Петр вдруг застонал, обхватив голову руками, и склонился над столом.
— Что с ним? — испугалась Маша.
— Он про себя ничего не помнит, — объяснила я растерянно. — Как только пытается воспоминания вернуть, мучается болью.
— Можно я посмотрю? Может, помогу, вылечу.
— А ты умеешь?
Машенька кивнула.
Глава 14
Глава 14
Синтия
— Ничего не получается, — печально сказала Снегурочка, убрав ладони с головы спящего мага.
Заснул он как-то то ли сам, от усталости, то ли с легких ручек Машеньки. Рядом с ним у печи прикорнул Петенька. Рой за окном и не думал прекращаться. Лучше бы я не знала, что явление это нынче никем не контролируется, — тоже спала бы крепче.

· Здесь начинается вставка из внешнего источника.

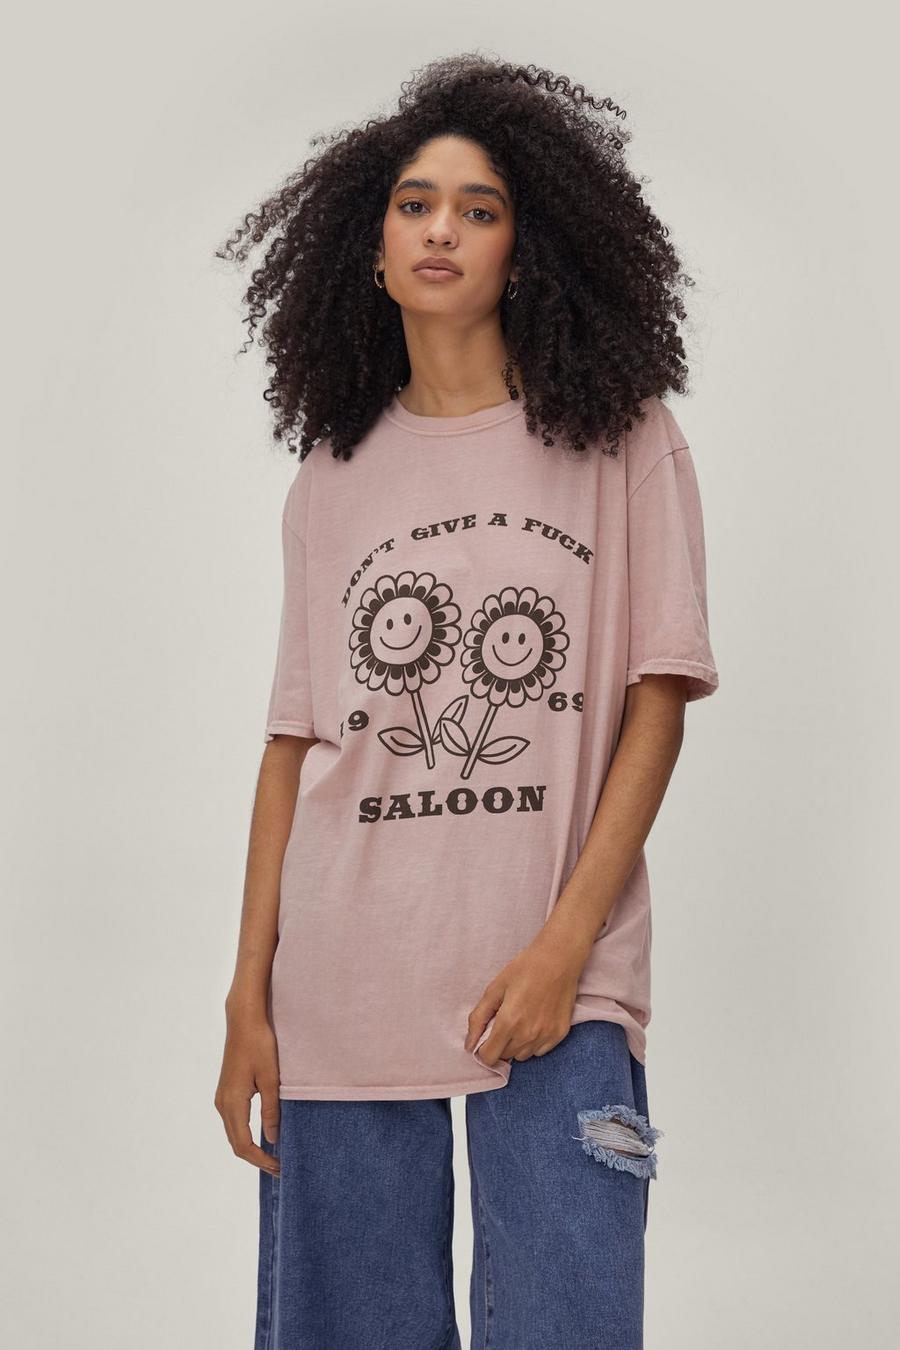 Don't Give A Fuck Saloon T-shirt
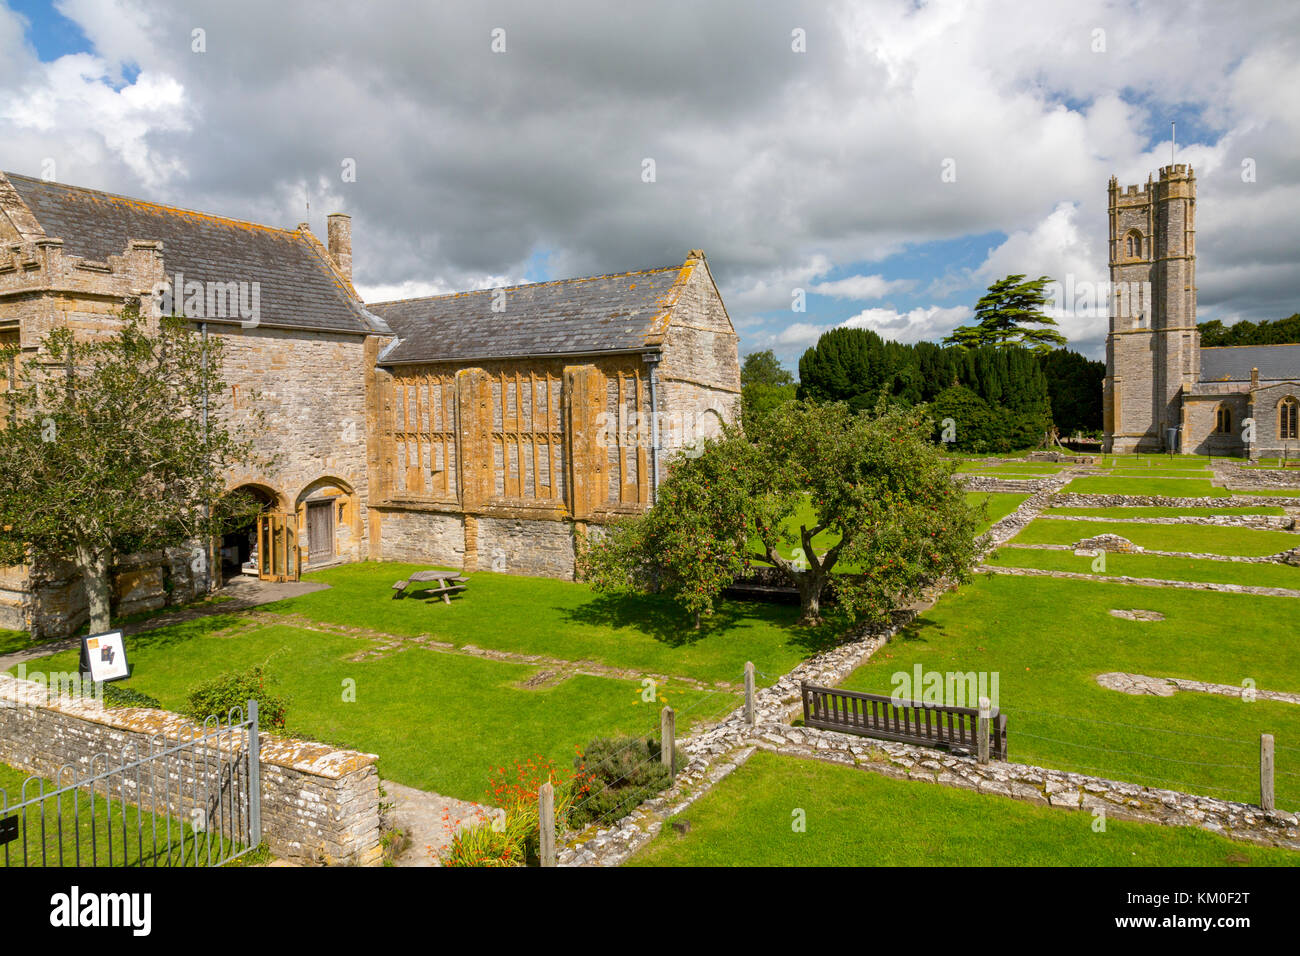 Only the Abbot's House of the former medieval Benedictine abbey and the positions of walls and buildings remain in Muchelney, Somerset, England, UK Stock Photo

— Милая, — виновато сказала я девочке, — видишь теперь? Мы тебе не помощники. Прости, но ты зря сюда добиралась и рисковала. Петр что-то помнит, а что-то нет, магичит интуитивно, что за штуки у него в кармане до сих пор не вспомнил, а они на бомбы похожи. Я? Я только недавно узнала, что способна нежитью управлять. Да какой там управлять! Привлечь внимание слегка. Я даже в санки твои запрячь ее не смогу.
Маша понурилась, мрачно кивнула и призналась:
— А я у вашего мужа в голове кое-что нащупала.
— Он не мой муж, — быстро проговорила я. — Что? Что нащупала?
— Его пытались подчинить, — подбирая слова, серьезно проговорил ребенок, — и он там, в своей голове, сделал… запретную комнату, а ключ потерял. Ну… или дорогу к ней найти не может, сам все запутал, морок навел.
— С запретными комнатами так часто случается, — пробормотала я, косясь на мирно похрапывающего мага.
Надеюсь, моя история тоже под замком. Пусть там и побудет.
Маша ушла спать наверх, Петенька сонно поплелся за ней. Я потопталась у матраса, тяжко вздохнула. Тепло тут, конечно, и налёжано, но место занято.
Пока ходила на кухню, пила воду с долькой лимона и раздумывала, Петр проснулся. Маг принес дрова из кладовки, куда мы загодя перетащили поленницу, и принялся поправлять очаг. Кинул за спину, услышав мои шаги:
— Иди сюда, не бойся. Приставать не буду.
Я пожала плечами и с равнодушными видом уселась у печи.
— Прости, что подтрунивал, — Петр поковырял кочергой угли, чтобы поленья быстрее прогрелись, из дверцы посыпались искры. — Я вижу, что тебе неловко, когда я пытаюсь… приблизиться.
— Да, я… сложно схожусь с людьми. Я рассказывала, почему.
— Я перешел черту? Все происходит слишком быстро? Зато я честен. Мне сразу показалось, что нас связывает нечто большее, чем работа. Я когда-нибудь говорил тебе о том, что… у меня могли быть к тебе… чувства?
— Нет.
Вот оно, искушение ложью. Как же хочется сказать: «Да, говорил, говорил! Скажи еще раз! А лучше — покажи!» Одернула себя: дура! Он мужчина, и мы в закрытом пространстве. Ему трудно не реагировать. А я? Случайно, напившись, не призналась, что он мне нравится? Очень нравится, с первого дня нашего затворничества. Глупая Синтия влюбилась? Вот так, за один вечер? По уши? Просто от того, что ей, сиротинушке, в глаза нежно посмотрели и пальцами ладошки коснулись, когда тарелку вытертую передавали? Ах да, шрам на животе ныл. И ниже… тоже. Не-е-ет! Не может быть! Это вечер такой, сытный, уютный, томный. А завтра все пройдет. Оголодаю и снова стану злой стервой.